The motorbikes came slowly, almost hesitantly, up the hill towards them.
‘Hi, João, what happ—?’ Sean began, but the bikes continued through the gate.
He watched them as they stopped in the middle of the yard as though considering leaving their bikes there. Then they nudged one another, nodded to the open garage door and drove in.
‘Did you see João’s visor?’ Sean said. ‘It had a hole in it.’
Colin sighed heavily.
‘I’m not kidding!’ Sean said. ‘Right in the middle. I’ll go and see what really happened down on the quay.’
‘Hey, Sean...’
But Sean was off, ran across the yard and entered the garage. The twins had dismounted. Both stood with their backs to him, still wearing their helmets. One twin by the door leading straight from the garage into the club’s function room held the door ajar, as though not wanting to show himself but seeing what the party was like first. João, Sean’s best mate, stood by his bike. He had removed the magazine from his ugly-looking AK-47 and seemed to be counting how many bullets he had left. Sean patted him on the back. That must have been quite a shock because he spun round with a vengeance.

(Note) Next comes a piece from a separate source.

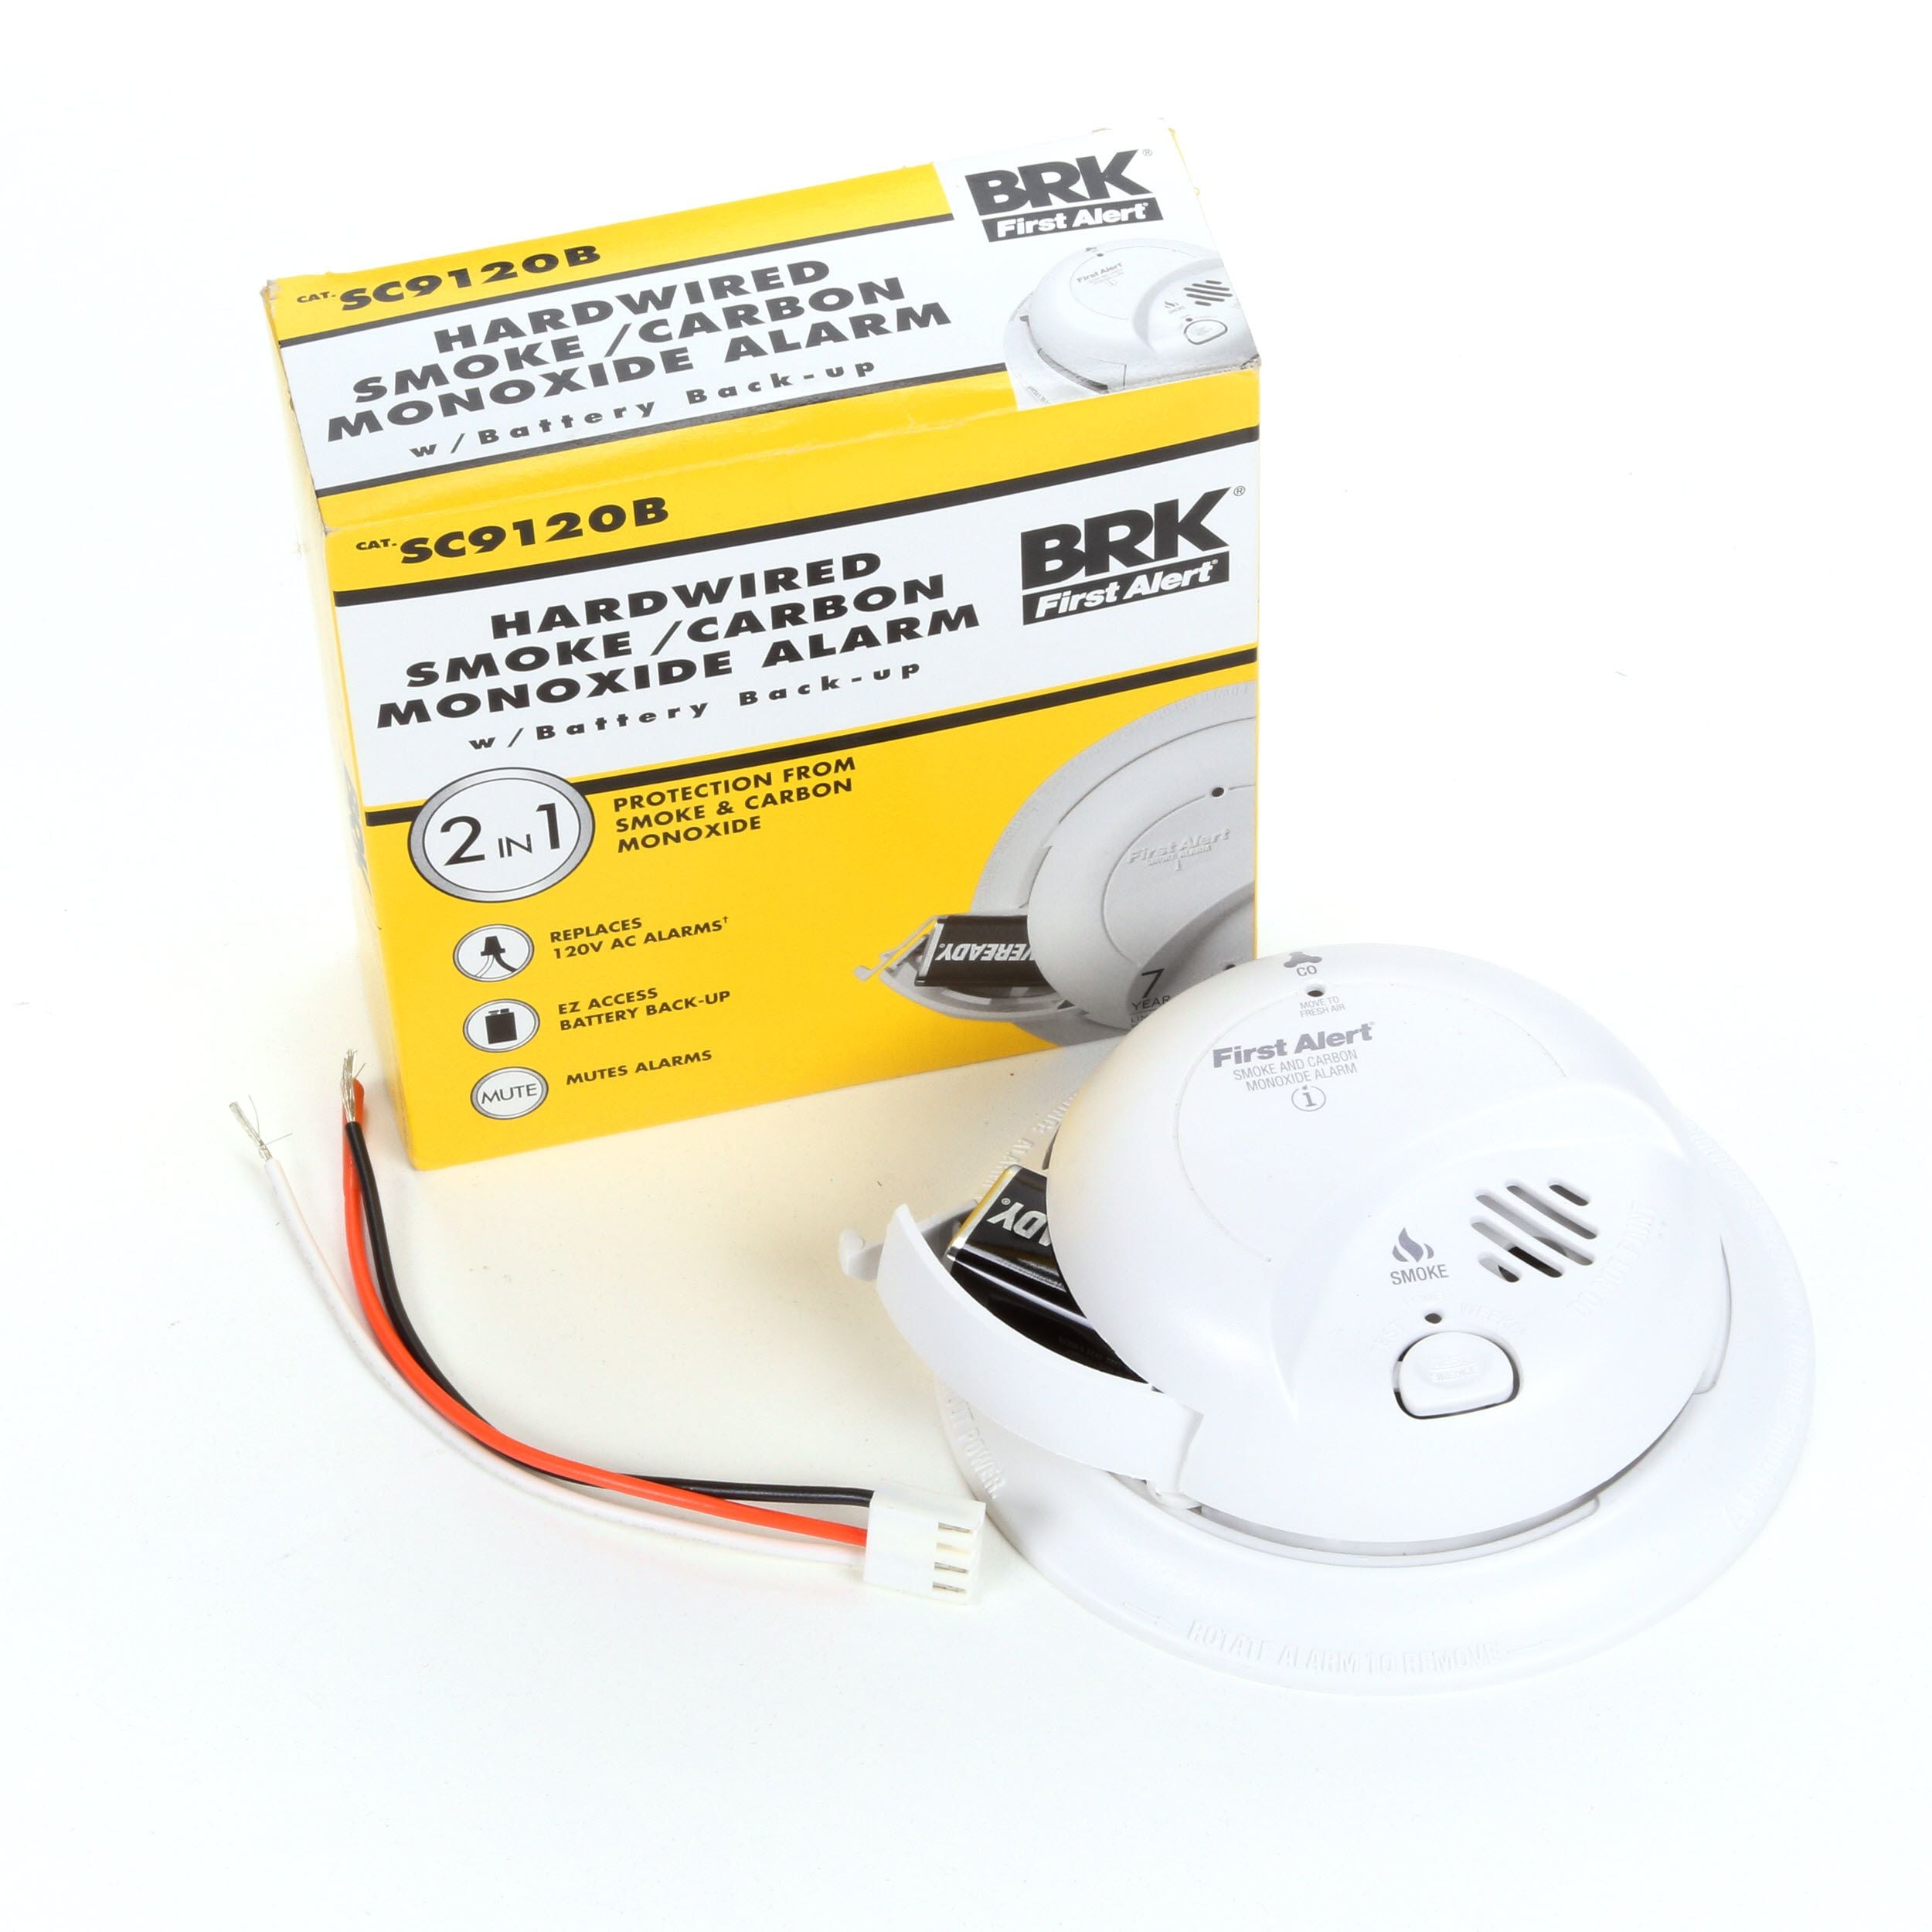 First Alert BRK SC9120B Hardwired Smoke and Carbon Monoxide Detector with B CO

‘What happened to your visor, João? Stone chip, was it?’
João didn’t answer, just appeared to be busy inserting the magazine back into his AK-47. He was strangely clumsy. The other strange thing was that he seemed... taller. As though it wasn’t João standing there, but...
‘Fuck!’ Sean shouted, took a step back and reached for his belt. He had realised what the hole in the visor was and that he wasn’t going to see his best pal again. Sean pulled out his gun, released the safety catch and was about to point it at the man still struggling with the AK-47 when something struck him in the shoulder. He automatically swung the gun in the direction from which the blow had come. But there was no one there. Only the guy in the Norse Rider jacket standing over by the door. At that moment his hand seemed to wither and Sean dropped his gun to the floor.